Is Eberlein-Smulian necessary to prove the fact that every bounded sequence of a Hilbert space has a weakly convergent subsequence?

Question

The standard answer I have seen on stackexchange is something like this: Hilbert space is the dual of itself, so applying Banach-Alaoglu, we see that the bounded sequence is contained in a closed ball which is weakly compact. Thus the sequence contains a weakly convergent subsequence.

However, weak compactness does NOT necessarily imply sequential weak compactness. This turns out to be true, by the Eberlein-Smulian Theorem, which states thtat weak compactness and sequential weak compactness are equivalent for Banach spaces. My question is: Is there any proof of the fact not using Eberlein-Smulian? Otherwise the urban legend that you only need Banach-Alaoglu to show this fact needs to be corrected!

Answer 1

It suffices to prove this for separable Hilbert spaces since we can restrict our attention to $\overline{L(x_n)}$ if $x_n$ is the given sequence.

Then we can do this completely by hand. Let $\{ e_j\}$ be an ONB. Since $\langle e_1, x_n\rangle$ is a bounded sequence of complex numbers, we can select a convergent subsequence, and then a sub-subsequence of this that makes $\langle e_2, x_n\rangle$ convergent etc. Then a diagonal argument produces a subsequence for which $\langle e_j, x_{n_k}\rangle$ converges for all $j$.

It's now easy to see that this sequence converges weakly (use one more time that $\|x_n\|\le C$).

Answer 2

The result you are looking for is that, in a reflexive space, every bounded sequence has a weakly convergent subsequence. If I'm not mistaken, Eberlein-Smulian is the converse of that result (that this property characterizes reflexivity)
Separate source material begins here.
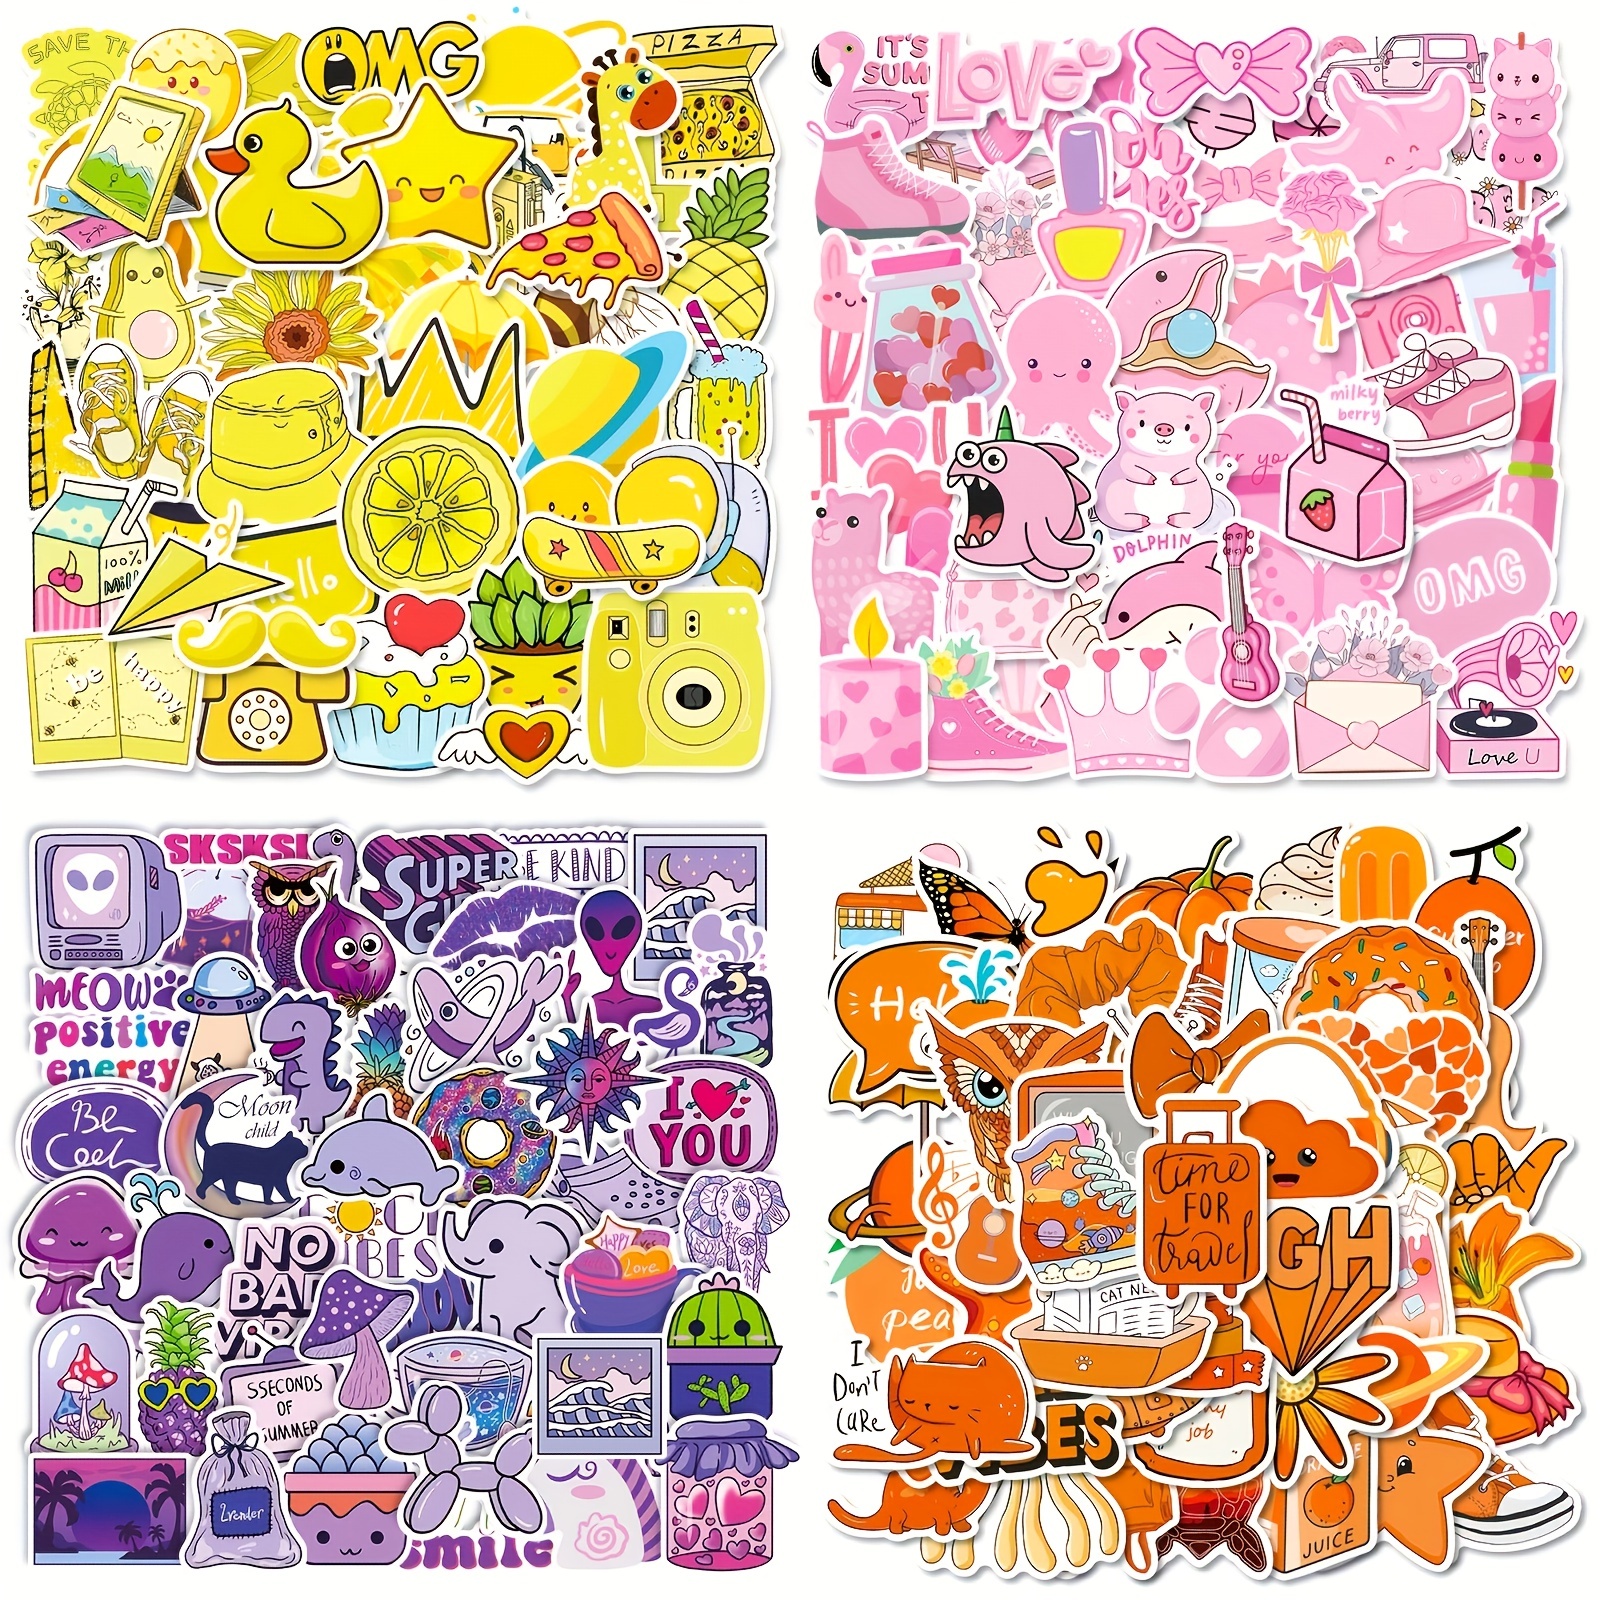 500 Pcs Random Stickers Pack, Colorful Vinyl Waterproof Stickers
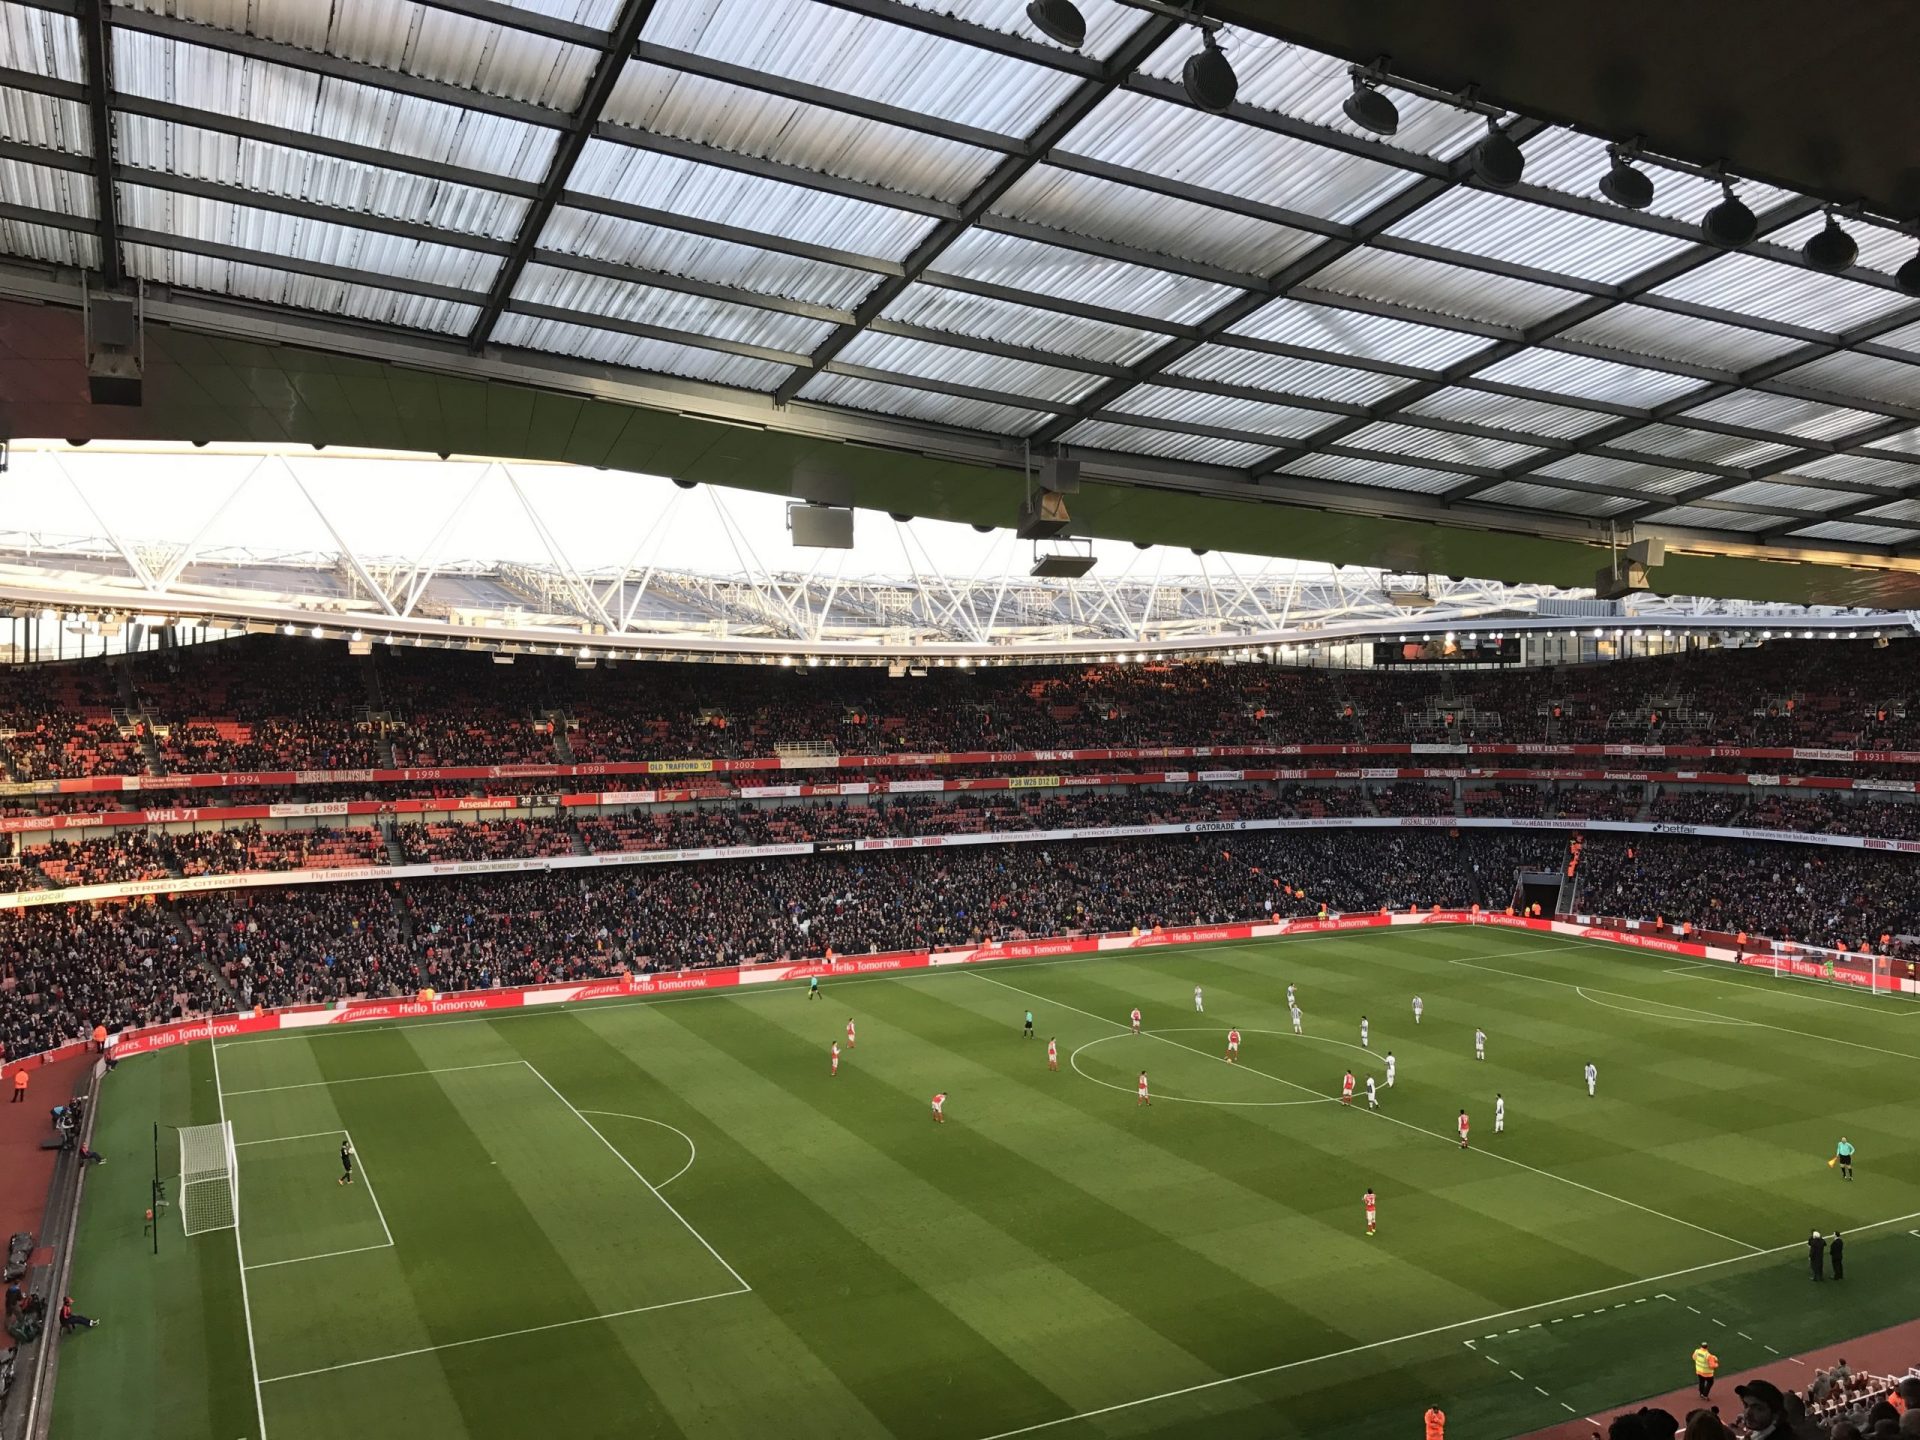 emirates stadium arsenal attending a match tickets scaled - Attending an Arsenal Match at Emirates Stadium

In your case, it is a culmination of two facts:

1. If $E$ is a separable Banach space, then closed unit ball $B^{\ast}$ in $E^{\ast}$ is metrizable in the weak-$\ast$ topology. In fact, if $\{x_n\}$ is a countable dense subset of $E$, then $$ d(f,g) = \sum_{n=1}^{\infty} \frac{1}{2^n\|x_n\|}|(f-g)(x_n)| $$ defines a metric on $B^{\ast}$. It then takes some work to prove that this metric induces the weak-$\ast$ topology.

2. Now if $E$ is reflexive, then any closed subspace is also reflexive. Hence if $\{x_n\}$ is bounded, you can replace $E$ by the separable space $F = \overline{\text{span}\{x_n\}}$, and then apply (1).